The Dora Observatory also offers tower viewer views, but of Kijong-dong, North Korea’s fake town. Built in the 1950s to entice South Koreans to move north of the border, Kijong-dong looks like any other town, with colorfully painted houses, schools, and even a hospital. From visual observations from the South, the village has remained uninhabited with windowless, incomplete buildings since its construction.

Not far from the observatory is Dorasan Station, a train station has a completed train line that runs all the way to Pyongyang. Though the North cooperated in its completion, it has never been used. It is hoped that, when and if the Koreas are unified, the line will be used to connect the two nations.

Dora Oservatory, DMZ

Select a tour that’s right for you

Once you’ve figured out which highlights you’d like to see, you can better select the tour that’s right for you.

When selecting a tour, pick one that fits your schedule. Some leave quite early and return to Seoul in the afternoon, while others depart later and return in the evening. It should also be noted that several nationalities, including South Koreans and Chinese nationals, face restricted access to the JSA, so be sure to check with the tour operator ahead of time.

For a full list of operators running DMZ tours, as well as the cost, times, and highlights of each, click here.

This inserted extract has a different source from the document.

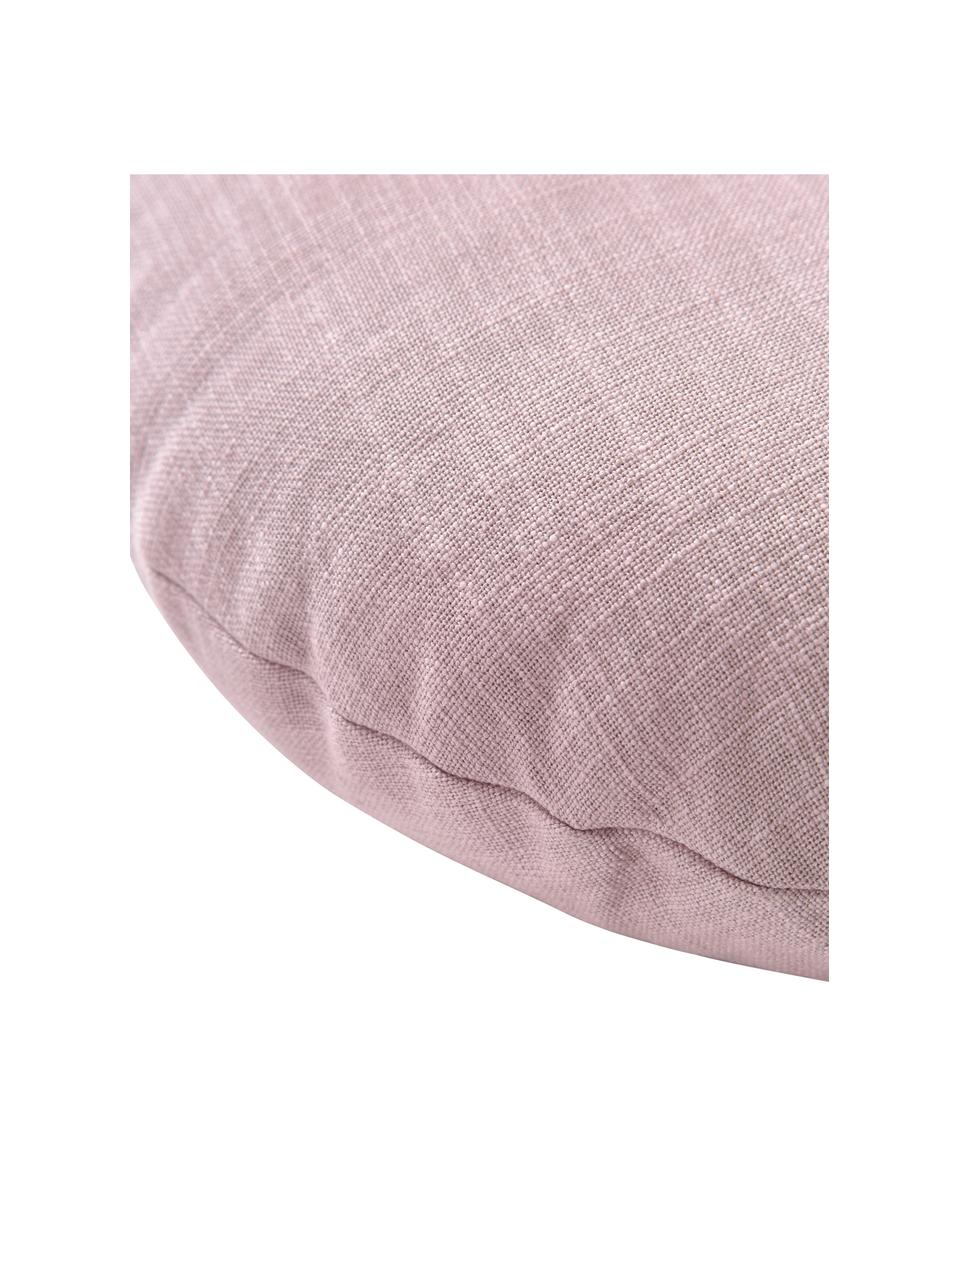 Cuscino imbottito rotondo lilla Devi, Rivestimento: 100% cotone, Rosa, viola, Ø 35 cm
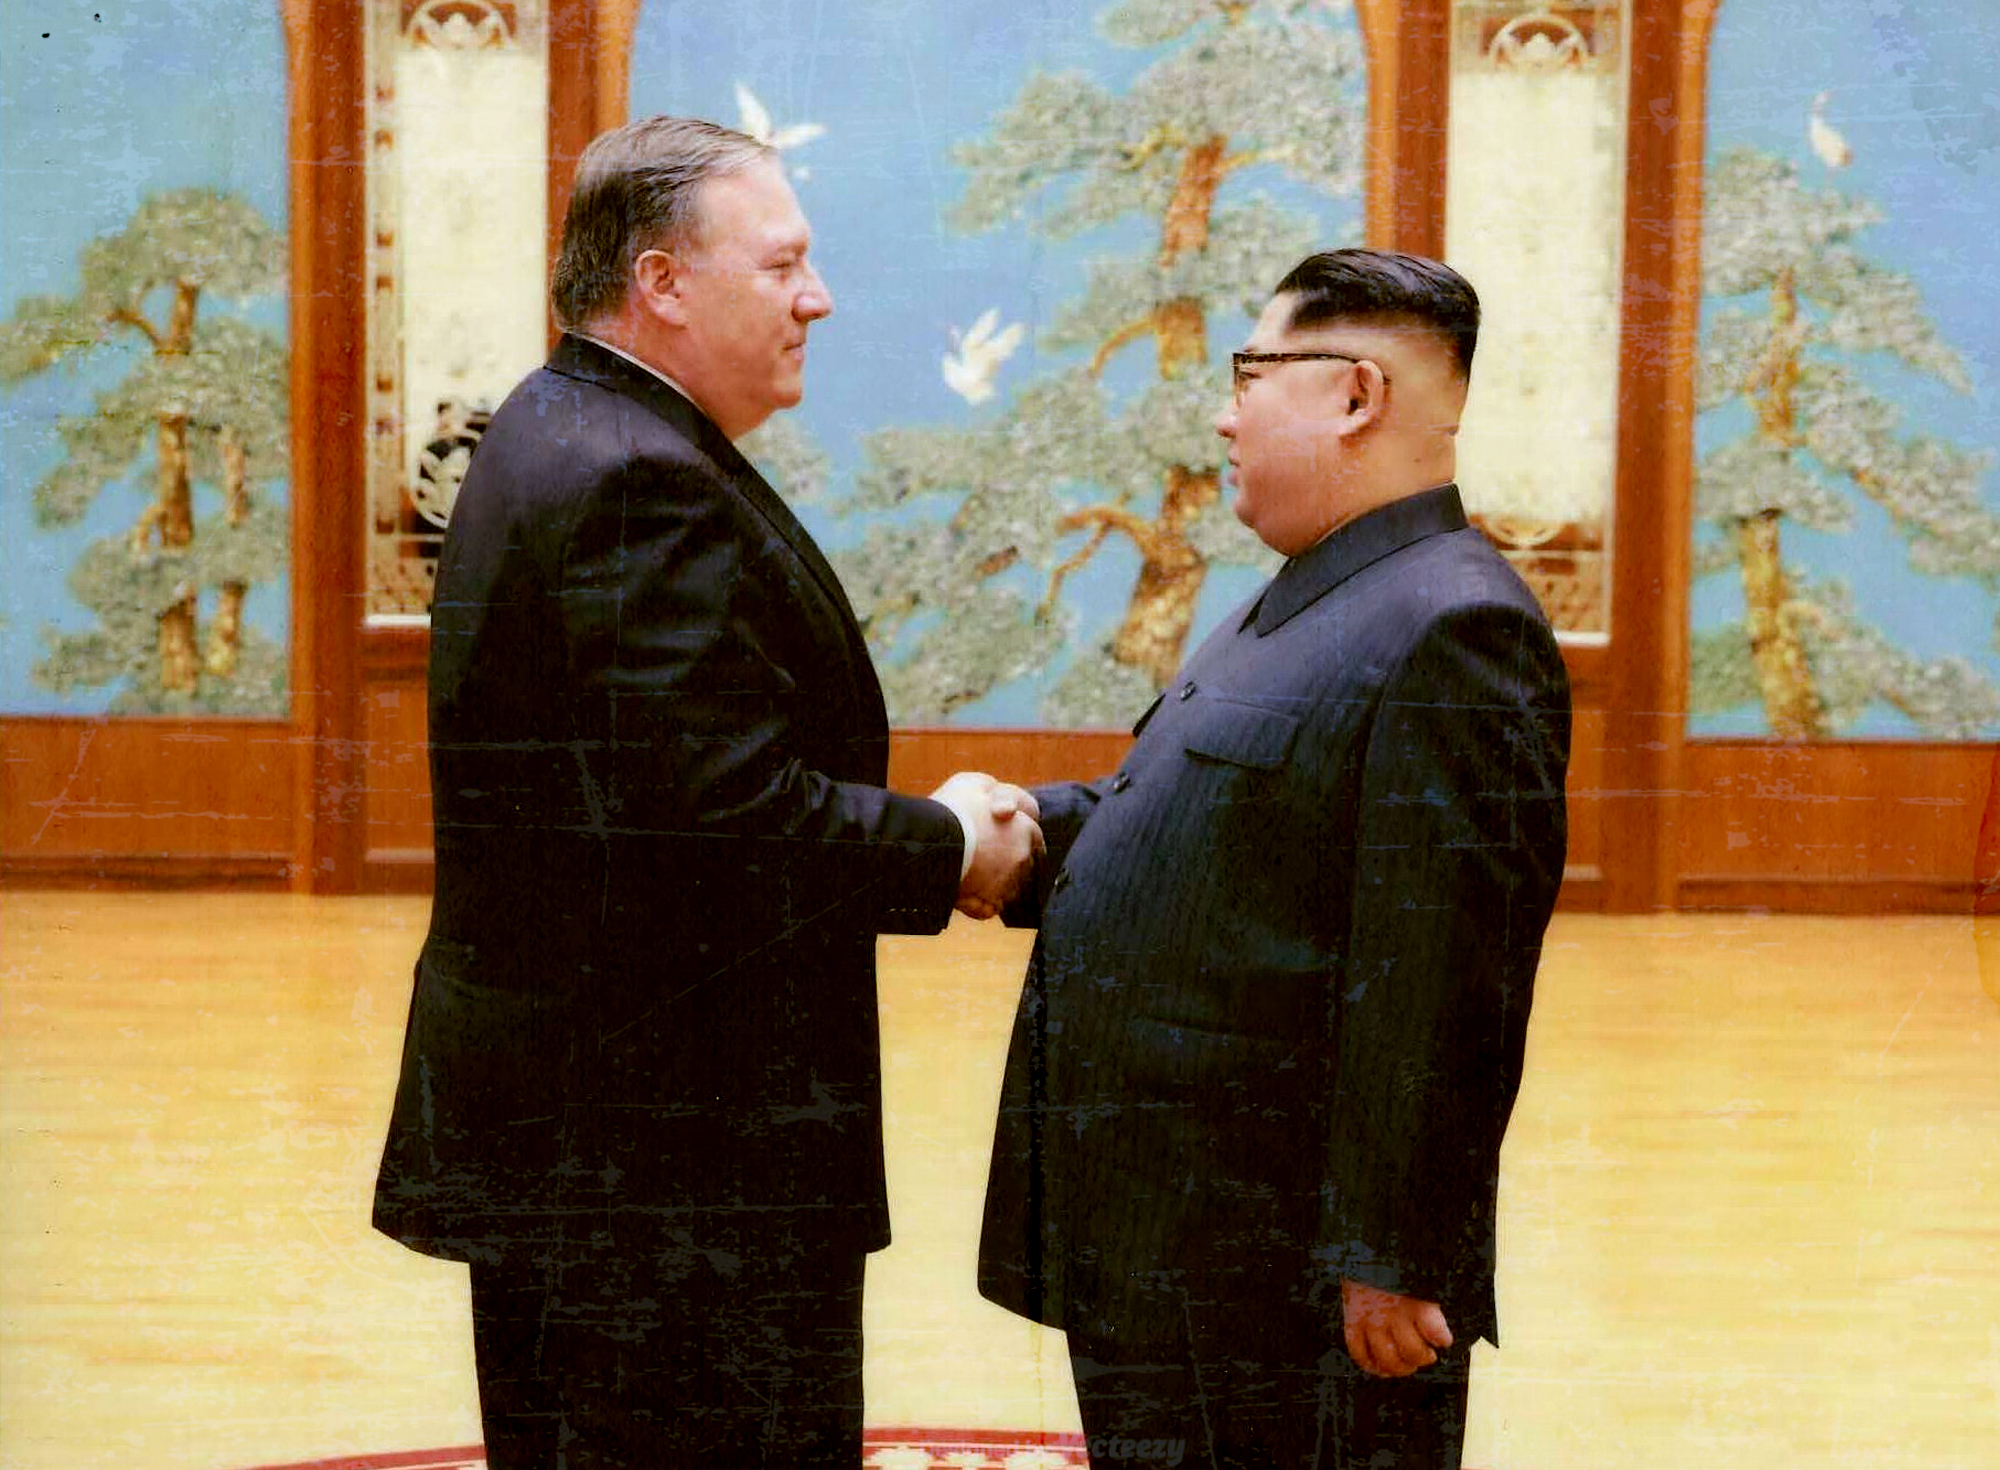 Ngoại trưởng được đề cử Mike Pompeo đã tiến hành một chuyến thăm bí mật đến Triều Tiên vào hồi tháng tư và gặp nhà lãnh đạo Triều Tiên Kim Jong-un. (Nguồn: Foxnews)

A South Korean soldier stands at the border between South Korea and North Korea

Important Points About DMZ Tours

Most DMZ tours require a reservation at least two to five days in advance, so be sure to book ahead.
If visiting the JSA, you must sign a waiver agreeing that the tour operator cannot be held responsible for accident, injury or…death. As scary as that sounds, visitors can take comfort in knowing that these tours have been held daily for years, and you will be accompanied by military escorts at the border.
You must bring your passport for DMZ tours, which will be checked at the beginning of the tour and again by army personnel on arrival at the JSA.
Military policy requires all tour participants to display a “neat and presentable appearance.” In other words, this means no ripped jeans, athletic clothing, flip-flops, or clothing with profane or provocative text. These rules are strictly enforced, as North Korean soldiers have been known to take photos for the use in false propaganda to show that other countries are too poor to afford proper attire.
Should tensions rise at the border, tours can be canceled unexpectedly. Therefore, you are not guaranteed entry to the UNCMAC at the JSA, nor the ability to take photos on the northern side of the border.
Partaking in the DMZ tour allows yourself to gain much more depth on a humanitarian crisis that the world does not know enough about. If you have the chance to do this trip, it is highly recommended. Not to mention, you earn yourself bragging rights for being able to say you’ve stepped into North Korea!
Speaking of photos, your tour guide will inform you when and where it’s permissible to take photographs. If you snap away in prohibited areas, you may have to hand over your film, memory card, or even your camera.
Although the DMZ is, in fact, a tourist attraction, it’s not a theme park, and visitors should be mindful (and respectful) of this. Especially inside the JSA, tourists will stand just meters away from armed North Korean soldiers. Something as harmless as a hand gesture could be perceived as a provocative action and could put your and your fellow tour-goers’ lives in danger. Therefore, it is imperative that visitors follow the instructions of the tour operators and on-site military personnel.